Further to that, my superficial understanding of the sinc function theory used as the foundation for the 1,000,000 tap design of the M-Scaler and how it is doing the upsampling (possibly more important than the fact that it is upsampling) is that the fine detail accuracy of the reconstructed wave form gets greater as it moves towards the infinite product. If that is true and the sinc function theory isn't wrong then does it not stand to reason that more processing of that algorithm will result in tighter timing accuracy?
Thank you for your thoughtful and detailed reply - much appreciated!
I think the issue with Watts’ reply to your question is that, as has been noted by others, we don’t (in fact, we can’t) listen to a digital signal in the digital domain. So yes, a higher sample rate will reduce the gaps between samples, and therefore the digital waveform will visually look “smoother” and more “refined” or “high-res” when you examine it in an audio editing program or a similar app or device.
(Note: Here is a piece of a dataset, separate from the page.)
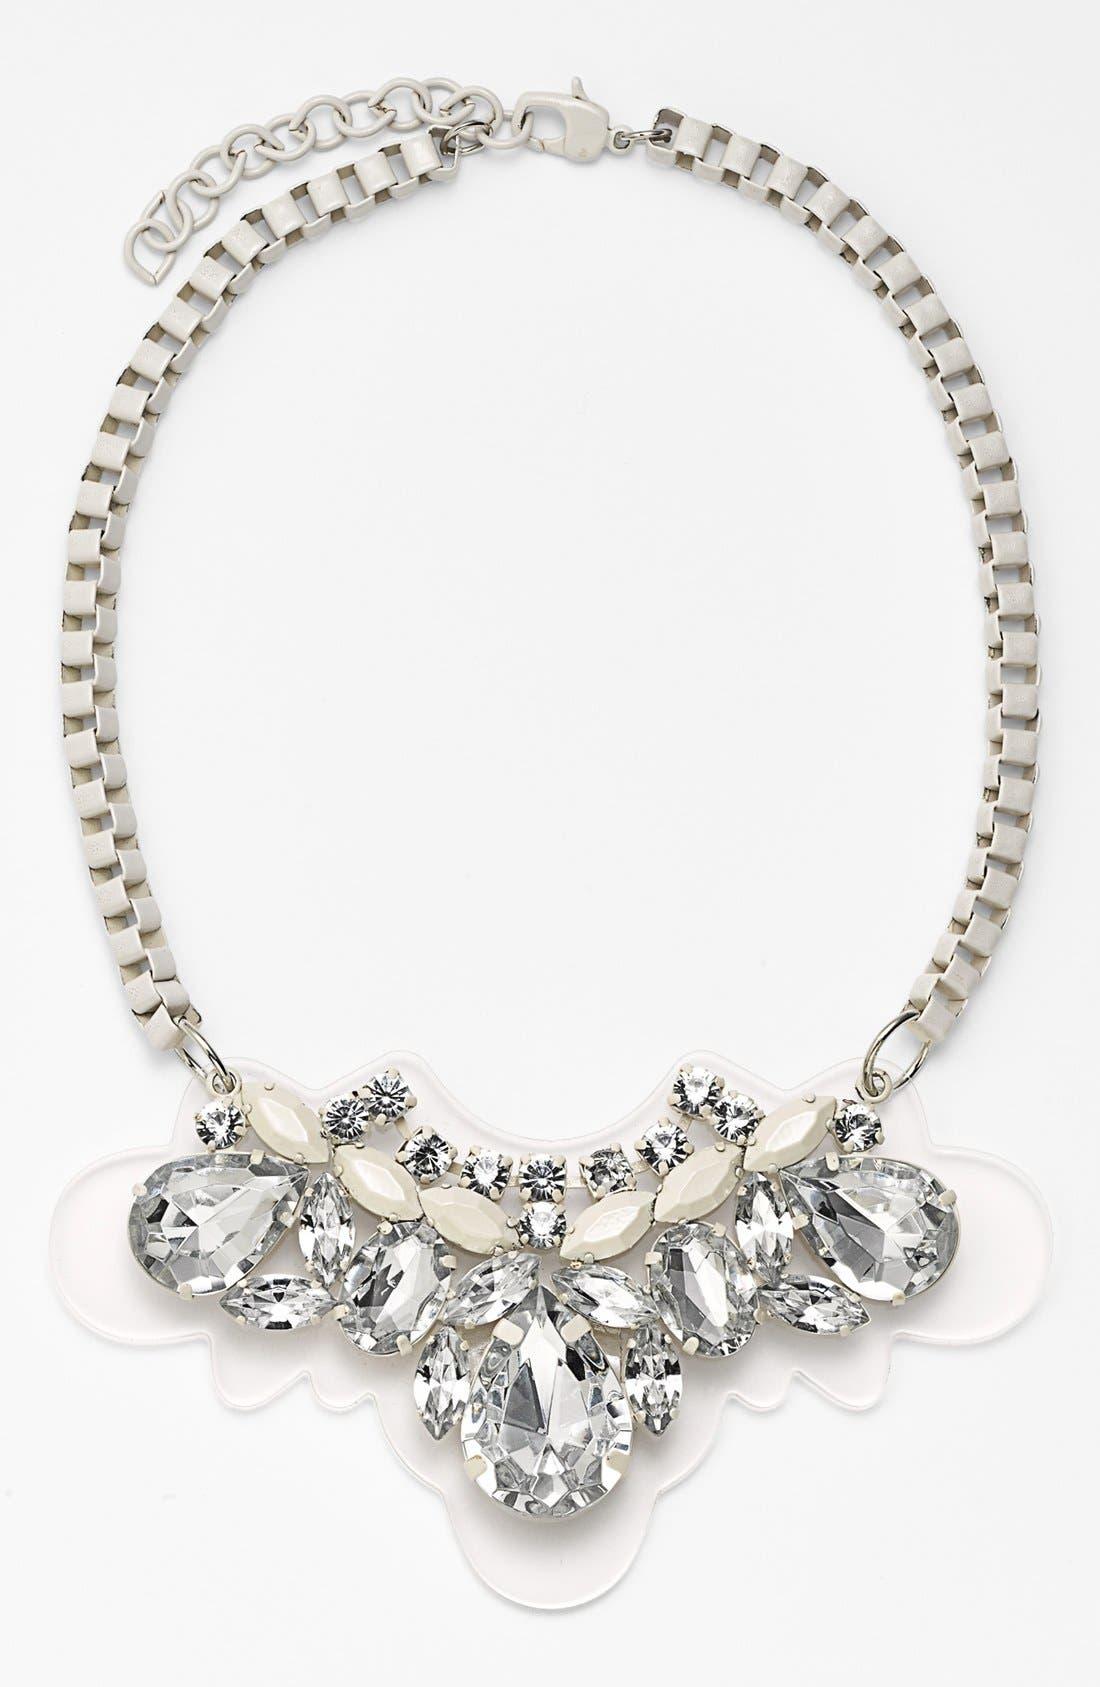 Main Image - Tasha Statement Bib Necklace

But digital sampling theory tells us that this visual appearance does not correspond to any difference in sound. Any frequency we want to be able to reproduce need be sampled only twice. This is not “just a theory,” or an “it sounds good enough most of the time” type of theory. This is a “mathematical-truth,” “cell phones and the sound on all your favorite streaming services wouldn’t work at all if it weren’t true” type of theory. I know it seems almost inconceivable that Rob Watts would ignore this or be incorrect if he claimed it was untrue. But I don’t know what else to say: it’s true, and you don’t have to take my or Amir’s or anyone else’s word for it, as it’s copiously documented in the scientific literature and well-established. Can’t say the same for Watt’s claim about a more “refined” sound coming from upsampling.
As I’ve written in another thread, we all experience this truth whenever we listen to music because a bass drum at 50Hz is sampled 100 times more than a cymbal or a vocal harmonic at 5kHz, regardless of the sample rate. And no one ever claims that bass sounds are always more “refined” than midrange or treble sounds within the very same recording.
So if a bass drum that’s 100x oversampled compared to a cymbal doesn’t sound more refined or high-res, then upsampling a digital recording by only 2x or 4x (or 20x) isn’t going to do a thing.
Please note that the previous two paragraphs are just a possibly easy way to think about this idea - again, this is not a perceptual “take my word for it, you won’t hear the difference” rule; it’s a hard and fast “there is no difference, by definition “ rule.